• **EXERCISE DETAILS**: Pictures in the listing do not belong in the copy, which should repeat exactly the lines from the one holding "I Love Dogs Wallpaper : I" through the last line.

• **EXERCISE DATA**:
# # #

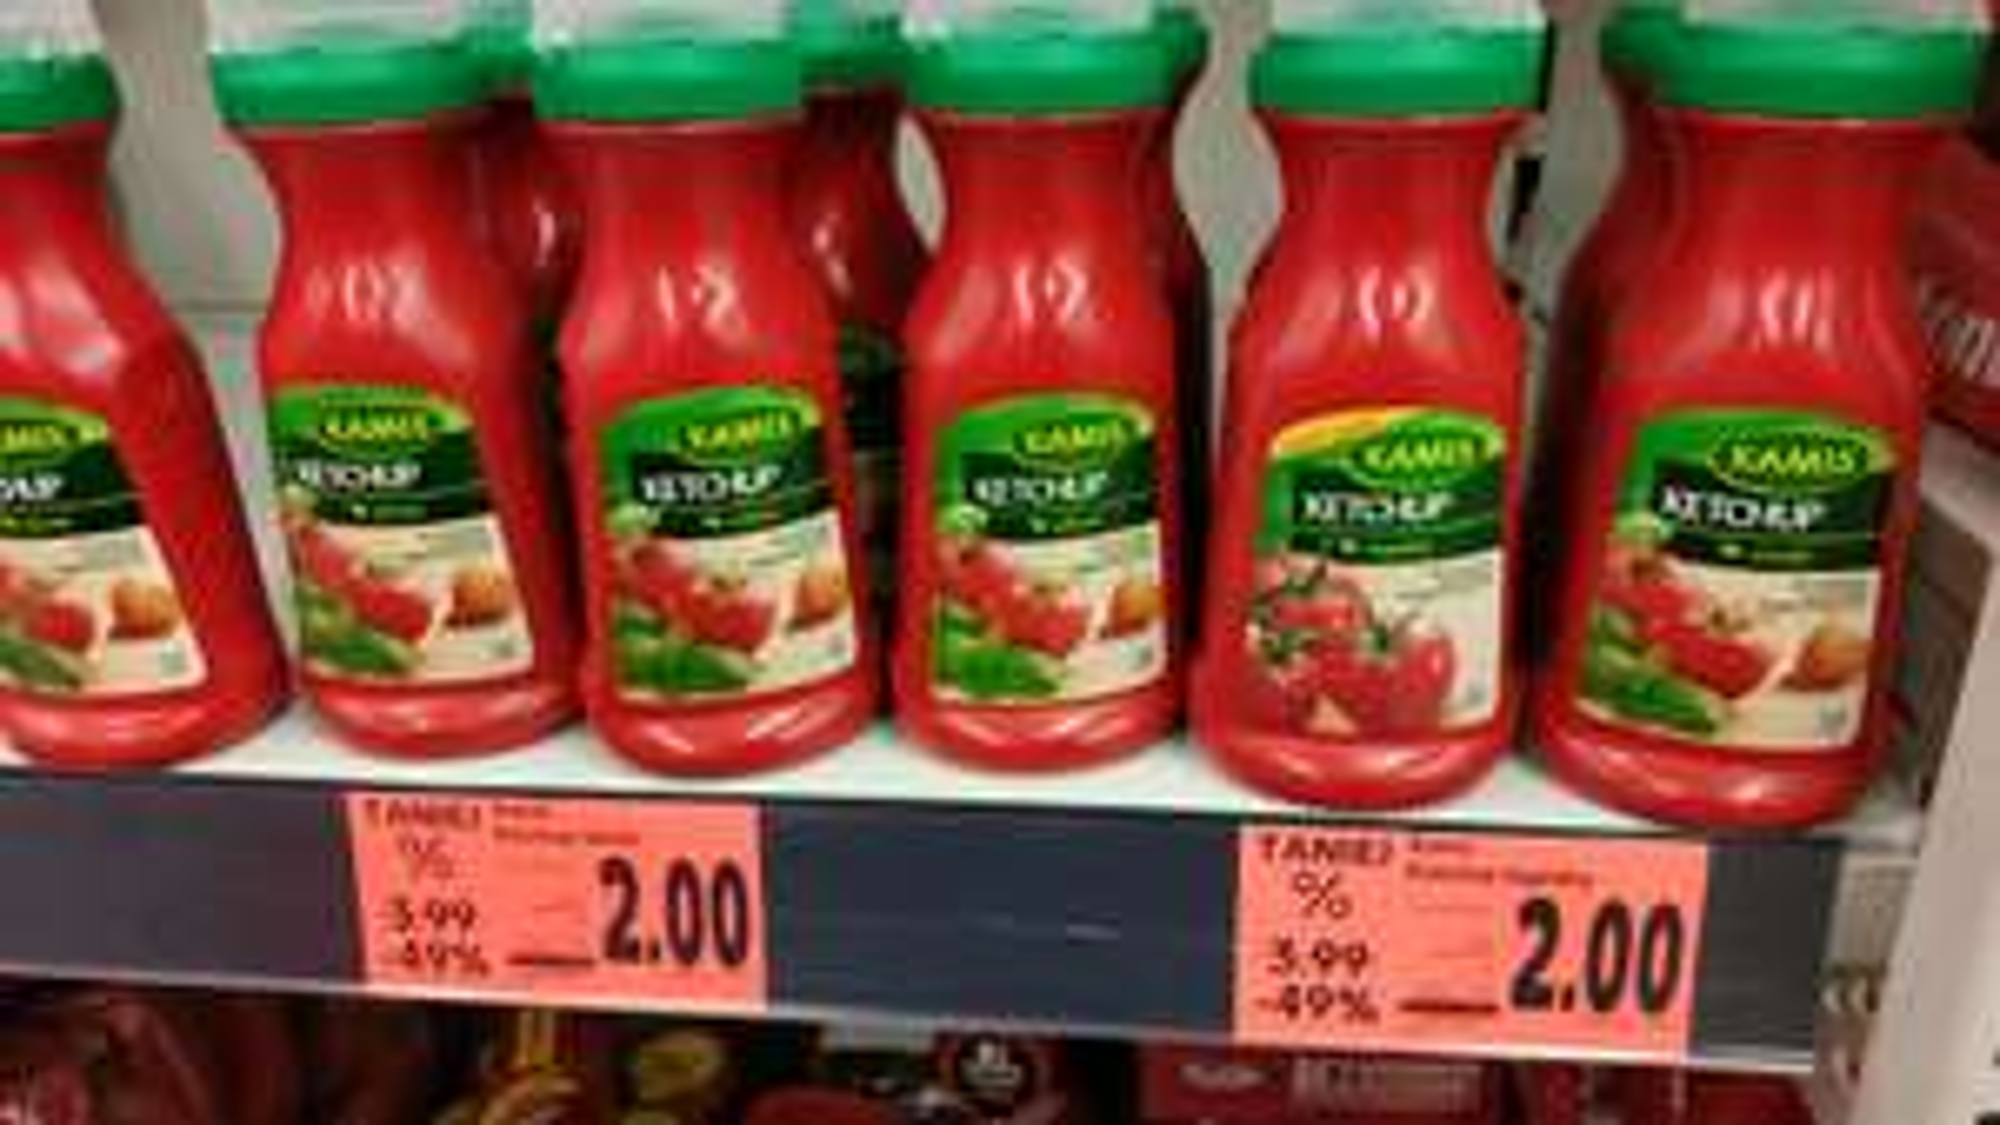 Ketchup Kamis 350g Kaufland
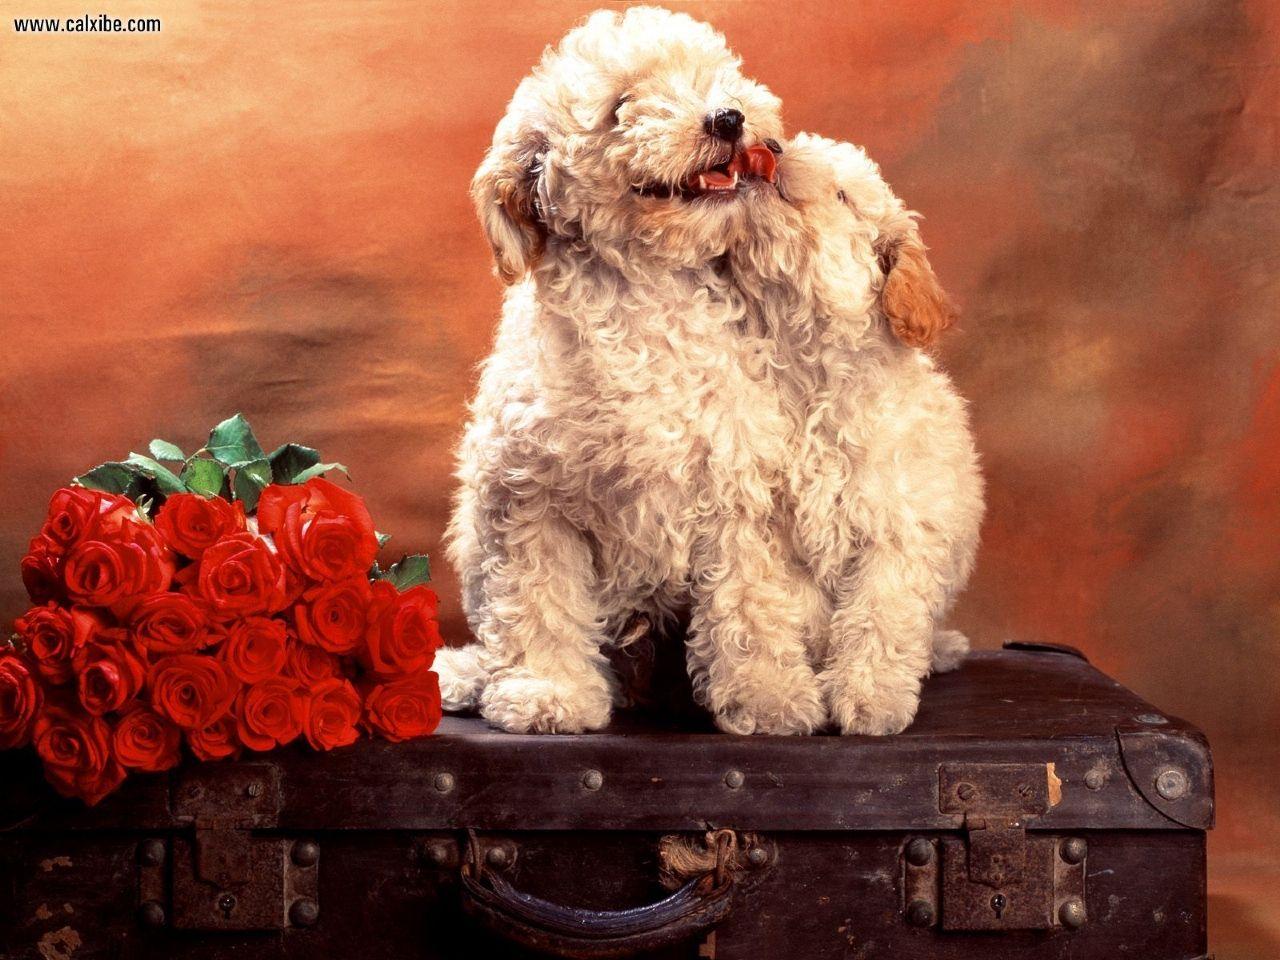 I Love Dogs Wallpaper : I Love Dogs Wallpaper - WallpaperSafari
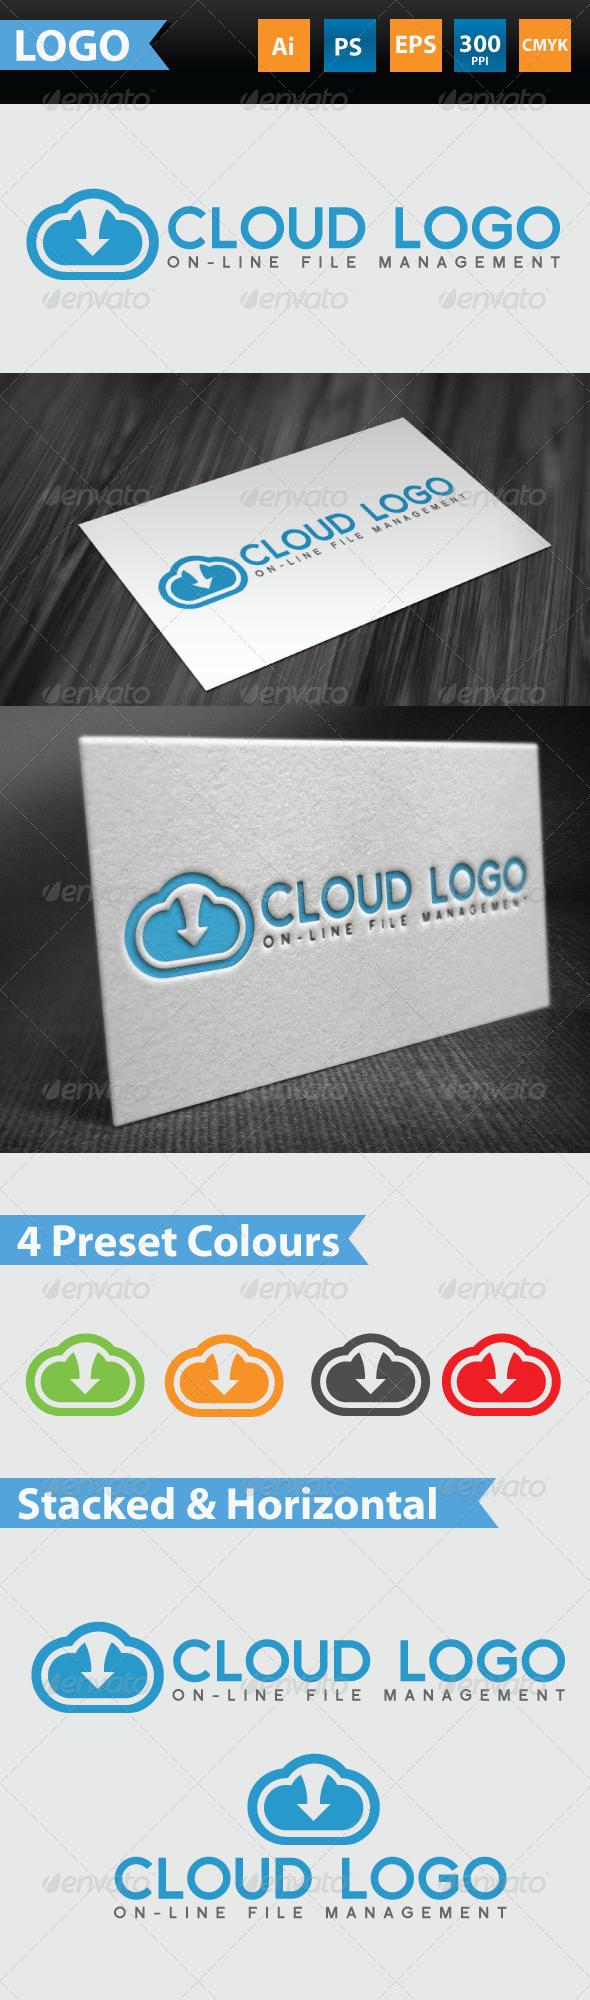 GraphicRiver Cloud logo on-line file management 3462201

# # #

• **SOLUTION BELOW**:
 I Love Dogs Wallpaper : I Love Dogs Wallpaper - WallpaperSafari
 GraphicRiver Cloud logo on-line file management 3462201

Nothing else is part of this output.